Here we remove all words with a length of 1 as they generally don’t add meaning to the corpus. Words like ‘a’ will be removed. Which other words have length 1 you might ask? Remember earlier we replaced punctuations with a space? This will transmute like “John Doe’s kernel” to “John Doe s kernel”. The ‘s’ here does not add any meaning. Now after we remove words with a length of 1, we’ll be left with “John Doe kernel”. So unless ownership is of importance in your kernel, this is a good thing.

We do this using regular expressions (regex) in the python re module. Regex is widely used across NLP for various tasks like information extraction (email adresses, phone numbers, zip codes, etc.), data cleaning, etc. The official python documentation on regex is a great place to get yourself familiar with regex expressions.

This can be a bit tricky to understand. Let’s take a deeper look into this.

h_pct is the percentage of the most frequent words in the corpus which we want to remove. l_pct is the percentage of the least frequent words which we want to remove.

counts = pd.Series(''.join(df.short_description).split()).value_counts()
counts
the 166126
to 111620
of 95175
a 94604
and 89678
...
catch!" 1
big-day 1
incarcerates 1
323-square-foot 1
co-trustee, 1
Length: 208227, dtype: int64

These are the number of times all the words occur in our dataset. Out dataset had 208227 distinct words, so having a h_pct of 1.0 will remove the top 1% of the most frequent words in the corpus.

high_freq = counts[:int(pd.Series(''.join(df.short_description).split()).count()*1/100)]
high_freq
the 166126
to 111620
of 95175
a 94604
and 89678
...
butternut 5
NGO 5
Mary, 5
songwriter, 5
distracted, 5
Length: 39624, dtype: int64

These are the most frequent words which will be removed from the dataset.

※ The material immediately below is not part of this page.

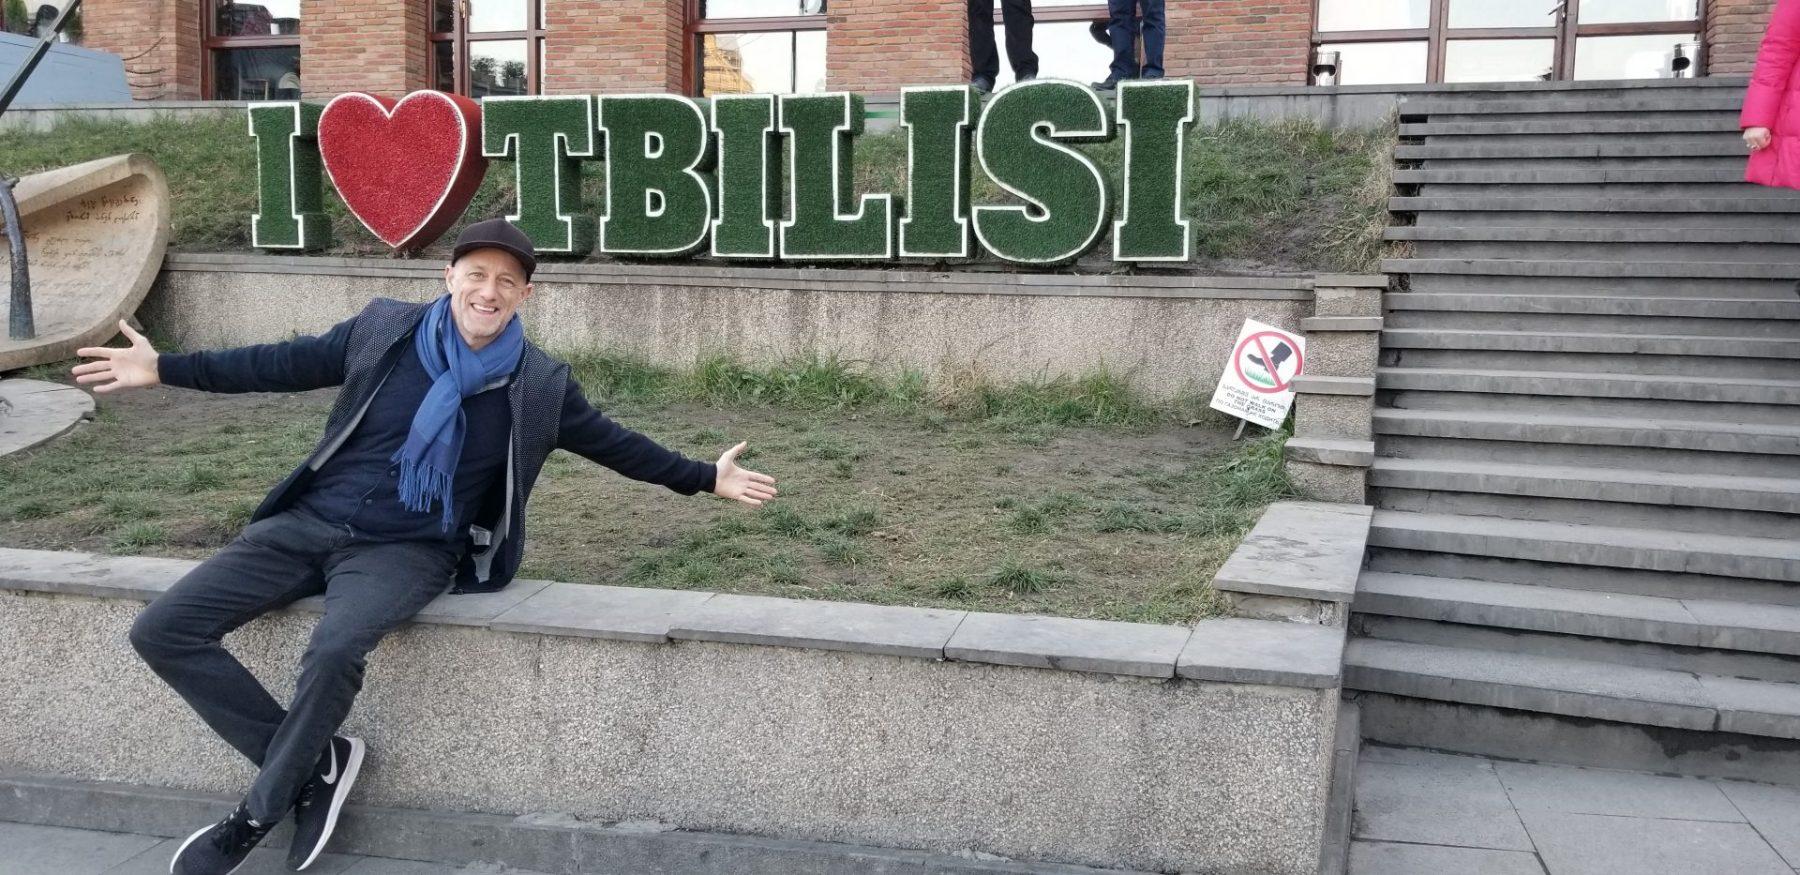 MIchael Scott Novilla in Tbilisi

The intuition behind doing this is that since these words are so common, we expect them to be spread across multiple unrelated documents (or news in our case), and so, they wouldn’t be of much use in classifying the text.

low_freq = counts[:-int(pd.Series(''.join(df.short_description).split()).count()*1/100):-1]
low_freq
co-trustee, 1
323-square-foot 1
incarcerates 1
big-day 1
catch!" 1
..
Brie. 1
non-plant 1
fetus? 1
Techtopus” 1
Look). 1
Length: 39623, dtype: int64

These are the top 1% of the least frequent words. All of these words occur only once in the vocabulary, and thus don't have much significance and can be removed.

As with stopwords, there is no hard and fast number of words which can be removed. This depends on your corpus, and you should ideally experiment with different values which work the best for you. This is exactly what I’ve done next.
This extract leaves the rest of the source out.